GIVEN INFORMATION:
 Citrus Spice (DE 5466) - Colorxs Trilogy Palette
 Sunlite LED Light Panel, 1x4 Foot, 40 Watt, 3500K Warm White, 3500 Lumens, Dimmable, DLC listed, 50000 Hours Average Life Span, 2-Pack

...

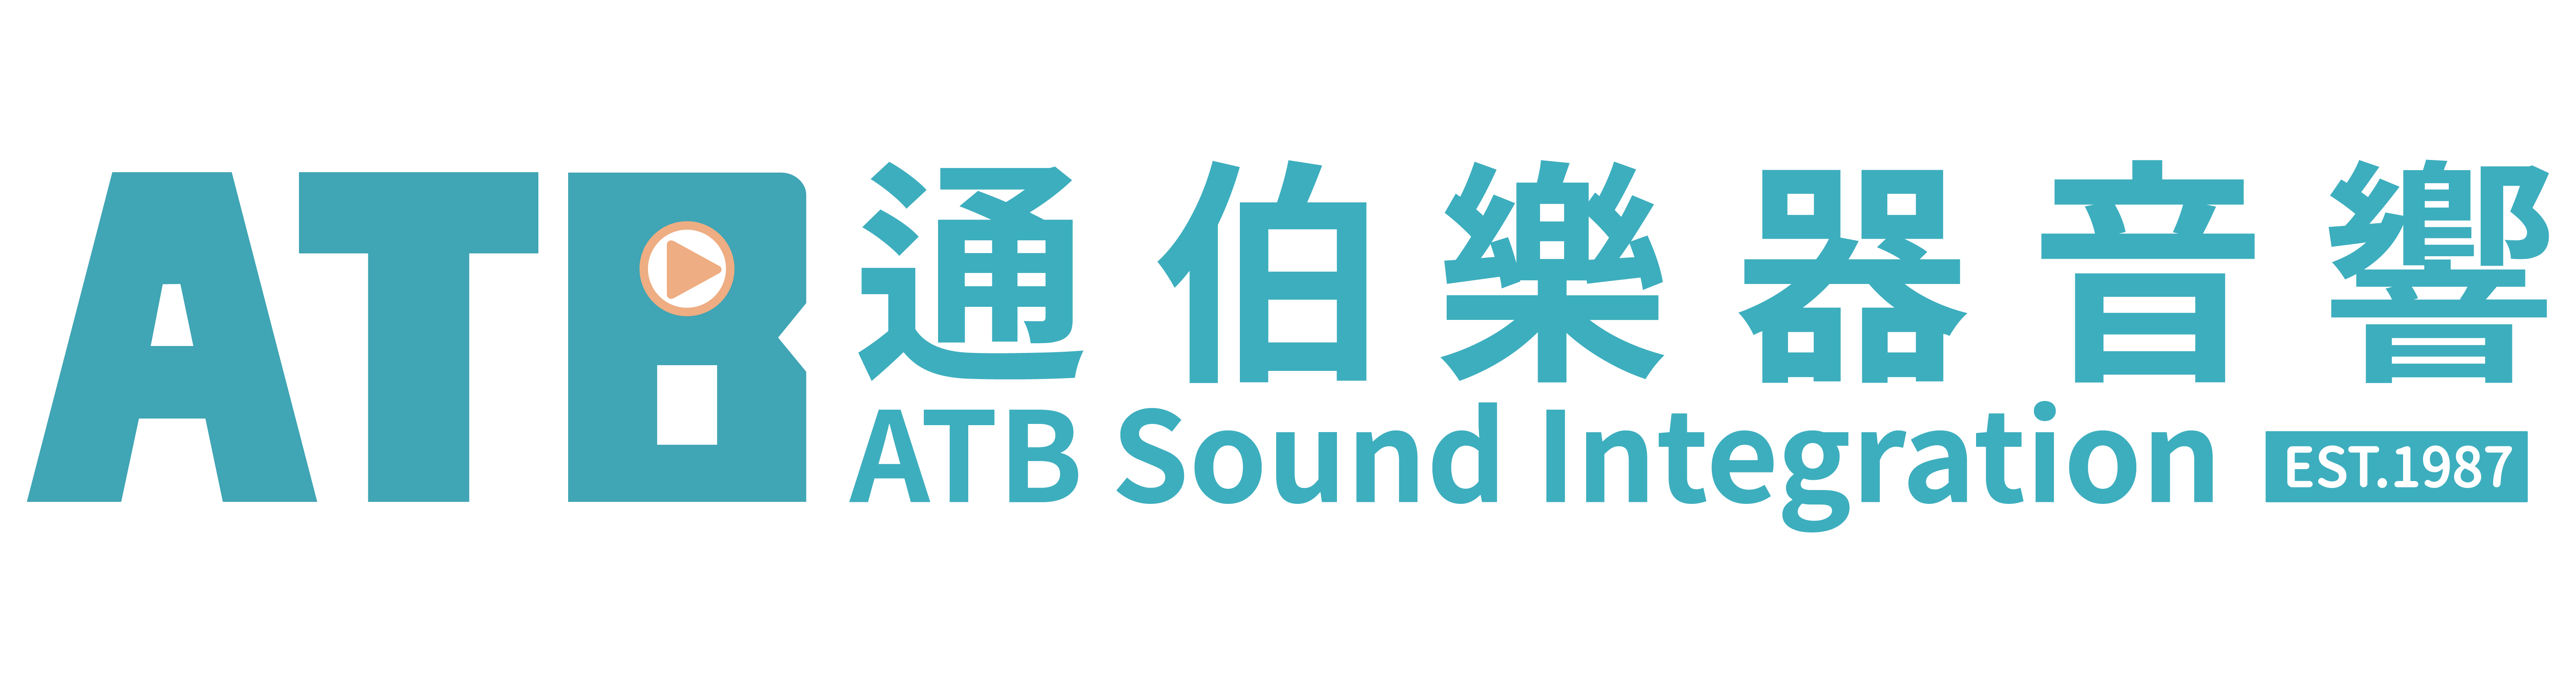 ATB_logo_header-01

...

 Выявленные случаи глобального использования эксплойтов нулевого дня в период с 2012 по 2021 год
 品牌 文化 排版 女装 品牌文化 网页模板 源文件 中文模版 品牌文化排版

DIRECTIONS:
Above is a listing; print exactly its lines from the one with "Выявленные случаи глобального" through the one with "品牌 文化 排版 女装 品牌文化 网页模板 源文件 中文模版 品牌文化排版", and no other lines.

EXERCISE RESPONSE:
 Выявленные случаи глобального использования эксплойтов нулевого дня в период с 2012 по 2021 год
 品牌 文化 排版 女装 品牌文化 网页模板 源文件 中文模版 品牌文化排版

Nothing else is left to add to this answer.